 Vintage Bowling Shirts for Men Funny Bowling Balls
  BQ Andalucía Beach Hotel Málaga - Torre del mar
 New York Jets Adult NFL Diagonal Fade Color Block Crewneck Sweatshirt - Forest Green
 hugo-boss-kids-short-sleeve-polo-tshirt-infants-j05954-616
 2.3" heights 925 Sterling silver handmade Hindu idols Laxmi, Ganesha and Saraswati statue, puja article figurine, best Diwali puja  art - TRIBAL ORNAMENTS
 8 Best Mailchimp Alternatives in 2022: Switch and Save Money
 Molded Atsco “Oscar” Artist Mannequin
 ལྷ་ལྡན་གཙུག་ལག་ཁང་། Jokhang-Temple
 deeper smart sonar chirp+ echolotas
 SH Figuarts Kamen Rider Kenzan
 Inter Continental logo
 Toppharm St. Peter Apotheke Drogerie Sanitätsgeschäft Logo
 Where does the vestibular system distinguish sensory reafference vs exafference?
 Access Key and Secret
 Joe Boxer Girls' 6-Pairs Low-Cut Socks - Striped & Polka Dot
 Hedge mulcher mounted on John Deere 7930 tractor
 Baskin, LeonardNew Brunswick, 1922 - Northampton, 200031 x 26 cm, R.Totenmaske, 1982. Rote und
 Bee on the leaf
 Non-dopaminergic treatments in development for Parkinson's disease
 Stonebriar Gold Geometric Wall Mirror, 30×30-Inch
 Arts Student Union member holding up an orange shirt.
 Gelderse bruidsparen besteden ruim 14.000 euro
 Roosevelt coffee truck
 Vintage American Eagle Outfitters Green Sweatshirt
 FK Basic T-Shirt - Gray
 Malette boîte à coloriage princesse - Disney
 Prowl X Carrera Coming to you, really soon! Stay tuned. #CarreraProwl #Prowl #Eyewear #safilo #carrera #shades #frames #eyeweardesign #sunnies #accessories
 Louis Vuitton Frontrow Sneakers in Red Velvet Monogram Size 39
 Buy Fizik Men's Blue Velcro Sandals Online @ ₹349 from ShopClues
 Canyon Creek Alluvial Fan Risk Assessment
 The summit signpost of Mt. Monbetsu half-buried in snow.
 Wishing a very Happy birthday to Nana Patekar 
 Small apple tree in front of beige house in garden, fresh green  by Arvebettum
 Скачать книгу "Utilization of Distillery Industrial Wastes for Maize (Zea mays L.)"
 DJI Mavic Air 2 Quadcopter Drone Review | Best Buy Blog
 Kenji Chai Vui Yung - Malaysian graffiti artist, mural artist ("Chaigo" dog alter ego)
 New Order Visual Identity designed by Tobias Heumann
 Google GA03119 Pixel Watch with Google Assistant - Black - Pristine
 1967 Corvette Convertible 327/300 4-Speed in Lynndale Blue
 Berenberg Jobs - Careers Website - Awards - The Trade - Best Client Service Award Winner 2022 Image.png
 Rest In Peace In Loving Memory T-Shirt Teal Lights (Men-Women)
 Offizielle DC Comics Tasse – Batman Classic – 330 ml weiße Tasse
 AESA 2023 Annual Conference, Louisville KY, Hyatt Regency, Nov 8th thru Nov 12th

········

Output exactly one stretch of the listing: from the line containing "New Order Visual" through the line containing "Rest In Peace", both end lines included.

The answer ::
 New Order Visual Identity designed by Tobias Heumann
 Google GA03119 Pixel Watch with Google Assistant - Black - Pristine
 1967 Corvette Convertible 327/300 4-Speed in Lynndale Blue
 Berenberg Jobs - Careers Website - Awards - The Trade - Best Client Service Award Winner 2022 Image.png
 Rest In Peace In Loving Memory T-Shirt Teal Lights (Men-Women)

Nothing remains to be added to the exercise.